BBC wins Court of Appeal case to withhold report

The BBC has faced a renewed legal attempt to force public disclosure of an internal review of its Middle East reporting. Three judges at the Court of Appeal in London were urged to overturn a High Court ruling which blocked a claim by lawyer Steven Sugar that the report should be made public under the Freedom of Information Act.

The
BBC has been accused of biased reporting against Israel in its coverage of the Israeli-Palestinian conflict.

Sugar, a commercial solicitor from Putney, south-west London, contends that the report, by senior editorial adviser Malcolm Balen, should be published as part of the on-going debate about alleged BBC partiality.

The
BBC says the Balen report was produced "for purposes of journalism" and therefore falls outside the scope of the Act.

It also argues that its refusal to disclose the report is not open to challenge because it is not a "public body" within the meaning of the Act. At first instance, the Information Commissioner agreed with the BBC. Sugar took the case to appeal and the Information Tribunal backed him.
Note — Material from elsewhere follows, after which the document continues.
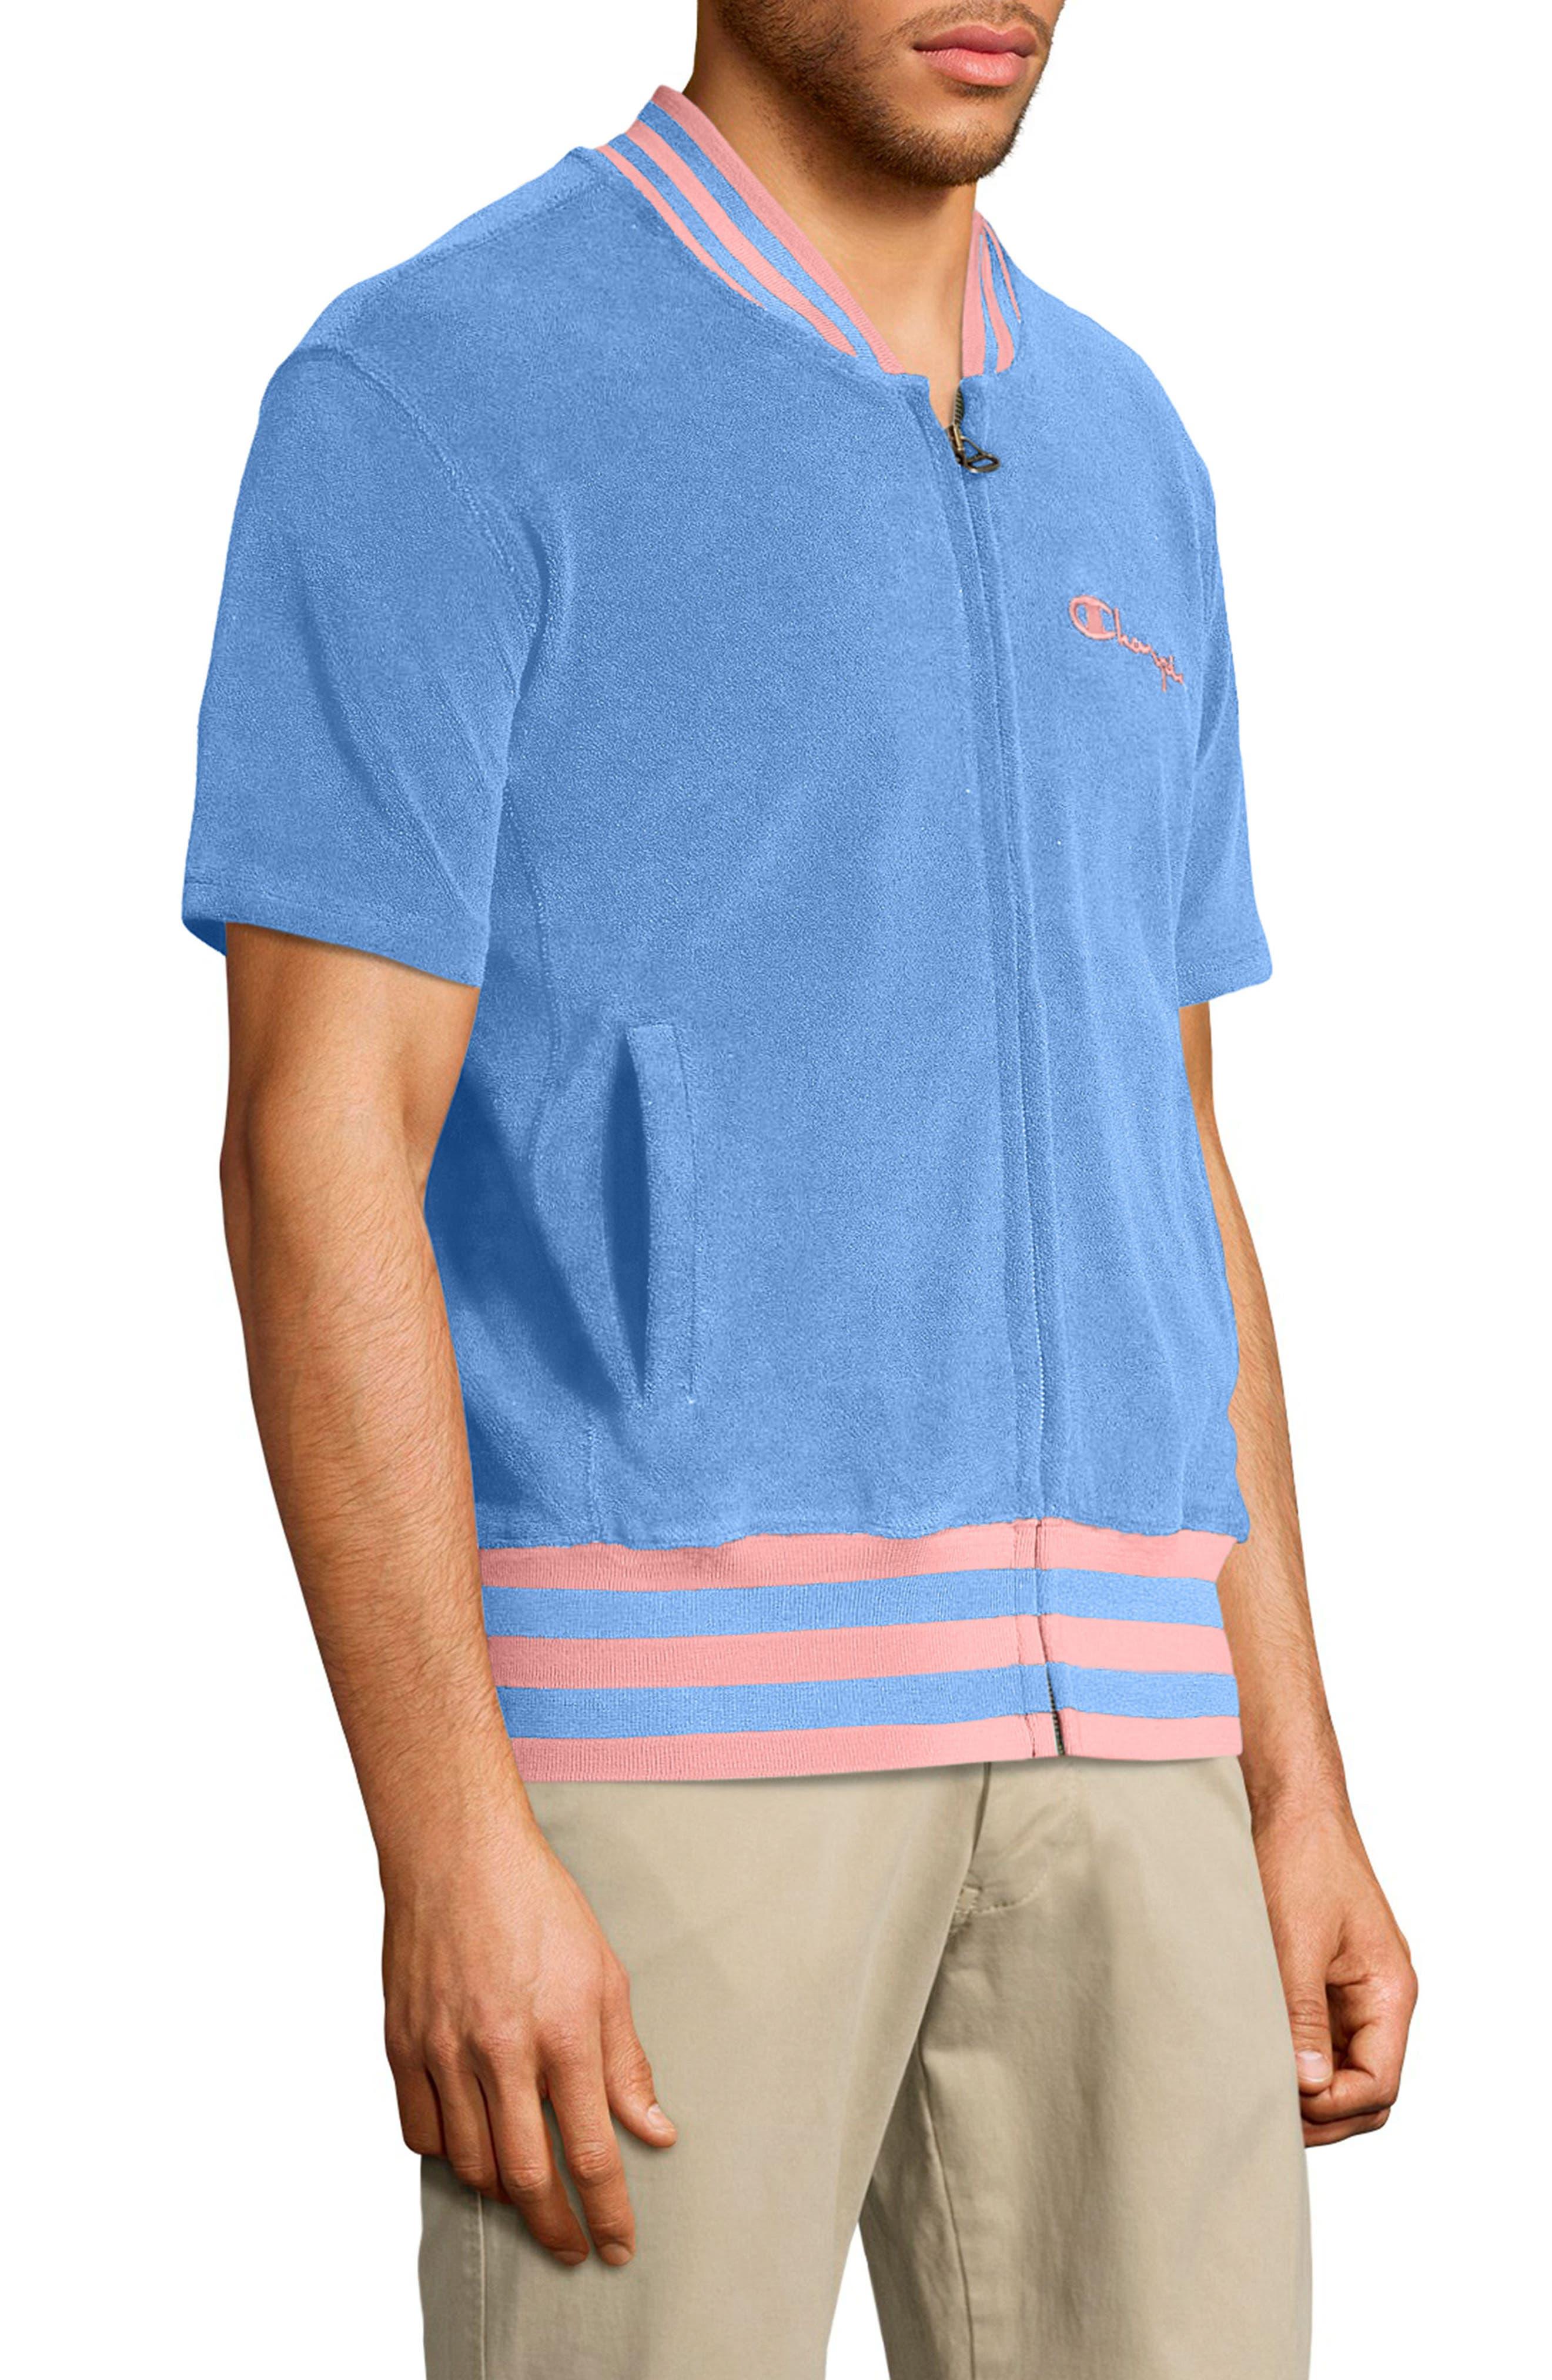 Sponge Terry Stripe Full Zip Sweatshirt,                             Alternate thumbnail 3, color,                             452

But High Court judge Mr Justice Davis then accepted the BBC's argument that the tribunal had no jurisdiction because the case fell outside the scope of the Act.

Sugar says the exemption in the Act denying public access to information held for the purposes of "journalism, art or literature" was badly drafted and was preventing disclosure of material which should be publicly available.

The BBC contends that the Balen report was always intended as an internal review of programme content, to inform future output, and was never intended for publication.

BBC freedom of information exemption challenged at Court of Appeal (Press Gazette, 25 January 2008)

Update: Court backs BBC over review secrecy (Press Association, 25 January 2008) - Three appeal judges in London rejected the challenge by lawyer Steven Sugar to a High Court ruling which blocked his claim that the report should be made public under the Freedom of Information Act.